By way of warning, Paul adds: “Make no mistake about it; no one makes a fool of God!  A man will reap only what he sows.  If he sows in the field of the flesh, he will reap a harvest of corruption; but is his seed-ground is the Spirit, he will reap everlasting life.  Let us not grow weary of doing good; if we do not relax our efforts, in due time we shall reap our harvest…While we have the opportunity, let us do good to all…”

But Paul’s warning (Gal. 6:7-9) assumes that at least the “flesh” people are doing something.  Today’s most serious crisis lies not so much in the fact that the devil has many instruments.  This is terrible, but at least the instruments are up and running, and with God’s grace can be changed.

I think the greater evil of our day lies in the dry bones of the Christian (including the Catholic Christian, of course), who claims the name of Jesus, and may even associate with other believers, but who is sleeping on the job.  Whether lulled, or bullied, or tempted, or intimidated into a semi-comatose state in which his or her comfort zone will never stretch beyond the mere external forms of religiosity, or maybe raised in a faith-context but never having let Jesus into the center of his or her being, this tragic waste of opportunity has learned to negotiate the waters of life, but will never walk on water, plummet to the depths, or rise to the height of his or her God-given potential.  In fact, painfully aware of the internal void, yet unwilling to risk suffering or sacrifice in the arduous process of personal transformation, this person often settles for cynicism or despair.

Of this kind of Christian, Jesus laments: “I know your deeds; I know you are neither hot nor cold.  How I wish you were one or the other - hot or cold!  But because you are lukewarm, neither hot nor cold, I will spew you out of my mouth!...Whoever is dear to me I reprove and chastise.  Be earnest about it, therefore.  Repent!”  (Revelation 3:15-16, 19).

Ezekiel sees in the spirit of God a solution for those who suffer the dry-bone syndrome.   I will conclude this article with his vision from what looks a lot like the desert of American popular religion (37:1-14).  As you read this, please ask the Lord to reveal those areas of your own life which have settled for less or yielded to shame and indifference.  May this Pentecost re-awaken and re-inspire us all to greater discipleship in Christ.  And may those who have never received the Spirit be anointed. “The hand of the Lord was upon me, and he brought me out by the Spirit of the Lord and set me in the middle of a valley; it was full of bones.  He led me back and forth among them, and I saw a great many bones on the floor of the valley, bones that were very dry.  He asked me, ‘Son of man, can these bones live?’  I said, ‘O Sovereign Lord, you alone know.’

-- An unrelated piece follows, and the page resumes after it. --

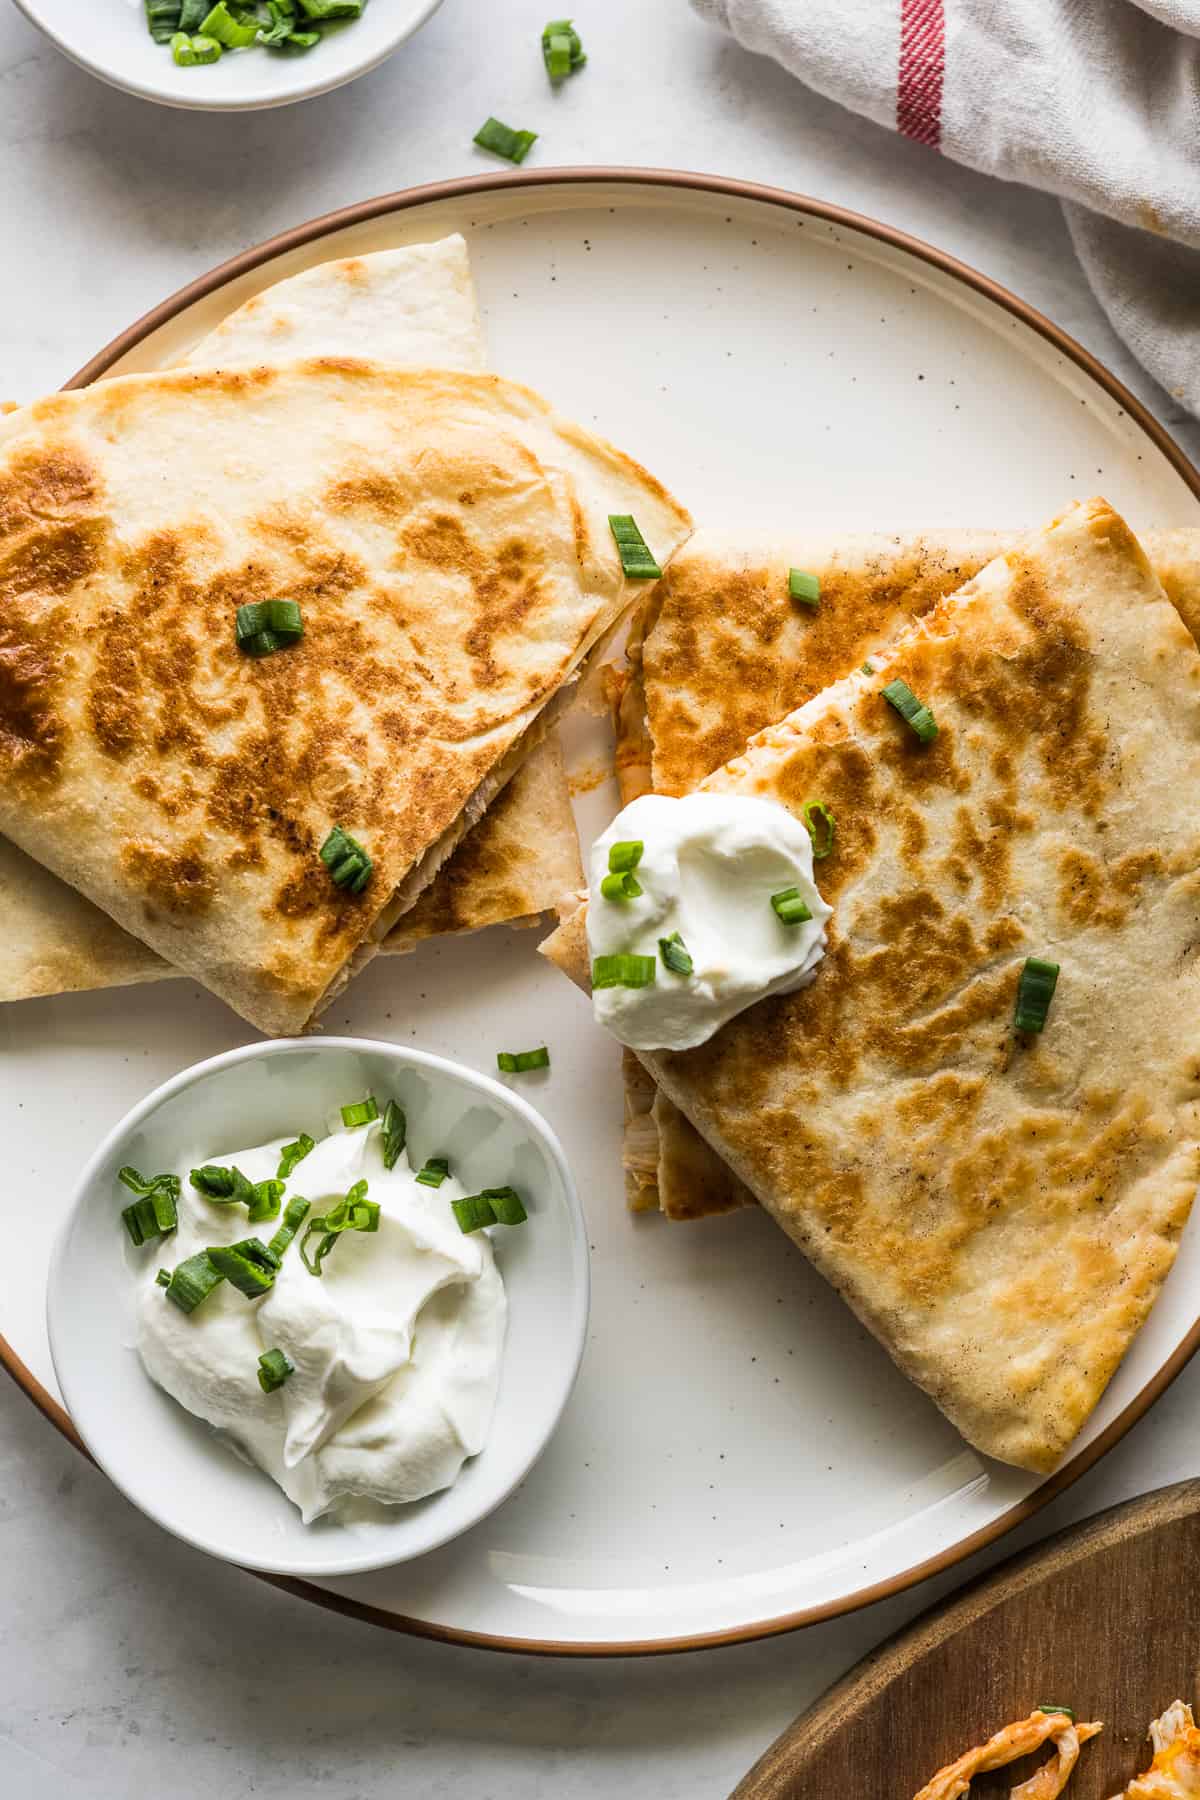 Buffalo chicken quesadillas on a plate served with sour cream.

“Then he said to me, ‘Prophesy to these bones and say to them, “Dry bones, hear the word of the Lord!  This is what the Sovereign Lord says to these bones: I will make breath enter you, and you will come to life.  I will attach tendons to you and make flesh come upon you and cover you with skin; I will put breath in you, and you will come to life.  Then you will know that I am the Lord.’”

“So I prophesied as I was commanded.  And as I was prophesying, there was a noise, a rattling sound, and the bones came together, bone to bone.

“I looked, and tendons and flesh appeared on them and skin covered them, but there was no breath in them.

“Then he said to me, ‘Prophesy to the breath (ruah=breath, wind or spirit); prophesy, son of man, and say to it, “This is what the Sovereign Lord says: Come from the four winds, O breath, and breathe into these slain, that they may live.”’ So I prophesied as he commanded me, and breath entered them; they came to life and stood up on their feet—a vast army.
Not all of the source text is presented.